Затаив дыхание, она наблюдала, как Эштон развязывал шелковые ленты, соединявшие половинки лифа ее нескромного наряда. Наверное, ей следовало бы испугаться, во всяком случае — смутиться, но она беспокоилась совсем из-за другого. Понравится ли ему то, что он увидит? Не слишком ли маленькая у нее грудь?

— Я мог бы устроить тебя в каком-нибудь маленьком домике, в котором ты будешь жить с комфортом. — Он не знал, каким образом сможет себе это позволить, но был полон решимости найти такую возможность.

Тоненький голосок в его голове (то был голос совести, как он полагал) нашептывал ему, что он ведет себя сейчас точь-в-точь как его отец, так же безответственно и бездумно, но Эштон безжалостно его заглушил.

— А… — протянула Пенелопа. Она была разочарована, но не слишком удивлена. — Чтобы я могла обслуживать всего лишь одного мужчину? И этим мужчиной могли бы быть вы?

— Так было бы лучше для тебя, не правда ли?

Девица медлила с ответом. Потом вдруг сказала:

— А вам не приходило в голову, что я, возможно, вообще не испытываю желания кого-либо обслуживать? — «В особенности мужчину, который даже не знает, кто я такая, и ухаживает за Клариссой», — мысленно добавила Пенелопа, злясь на себя за то, что не может оставаться безучастной к нежным прикосновениям.

Он посмотрел на нее с некоторым удивлением:

— Тогда почему же ты здесь?

— Наивный вопрос, вам не кажется? Вы действительно думаете, что женщина просыпается однажды утром и думает: ну, пожалуй, я хочу стать шлюхой?

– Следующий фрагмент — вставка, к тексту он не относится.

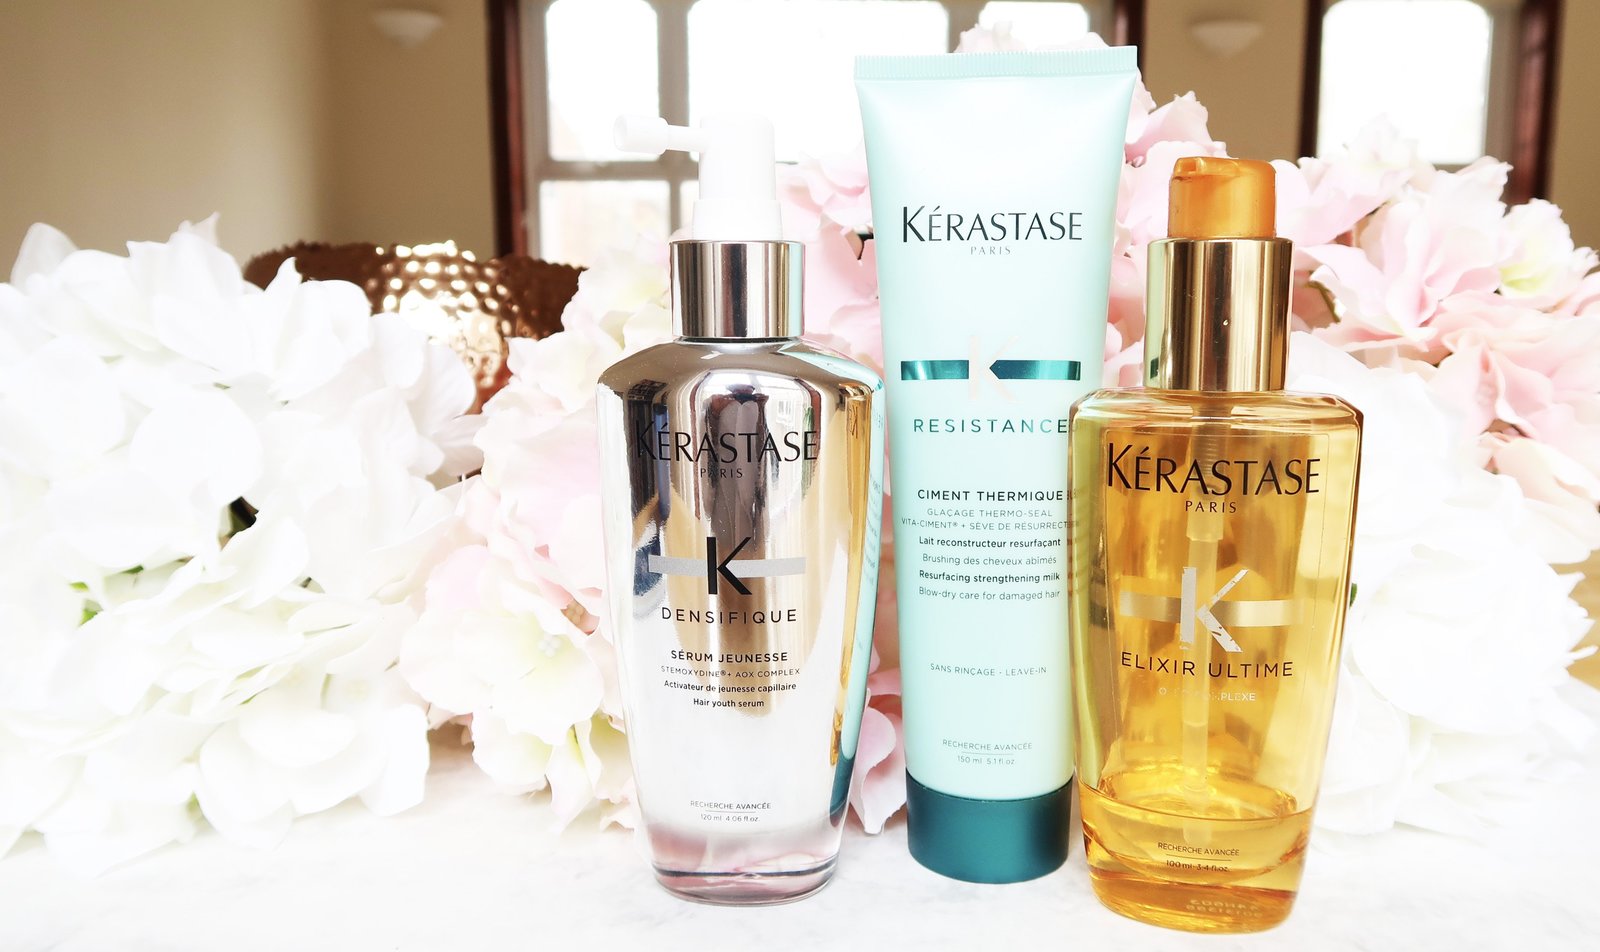 Close up of Kerastase products

Судя по вопросу, едва ли лорд Радмур поверит Пенелопе, если она расскажет о похищении, о наркотическом зелье и о том, что ее держат здесь как пленницу. Очевидно, он, как и многие другие, считал, что женщина выбирает столь презренное ремесло по своему желанию. «Хотя, — размышляла Пенелопа, — некоторые женщины, возможно, действительно становились проститутками, ибо верили, что найдут богатого покровителя. Но наверное, куда больше таких, кого втянули в такое ремесло обманом или силой. Или принудила к этому нищета».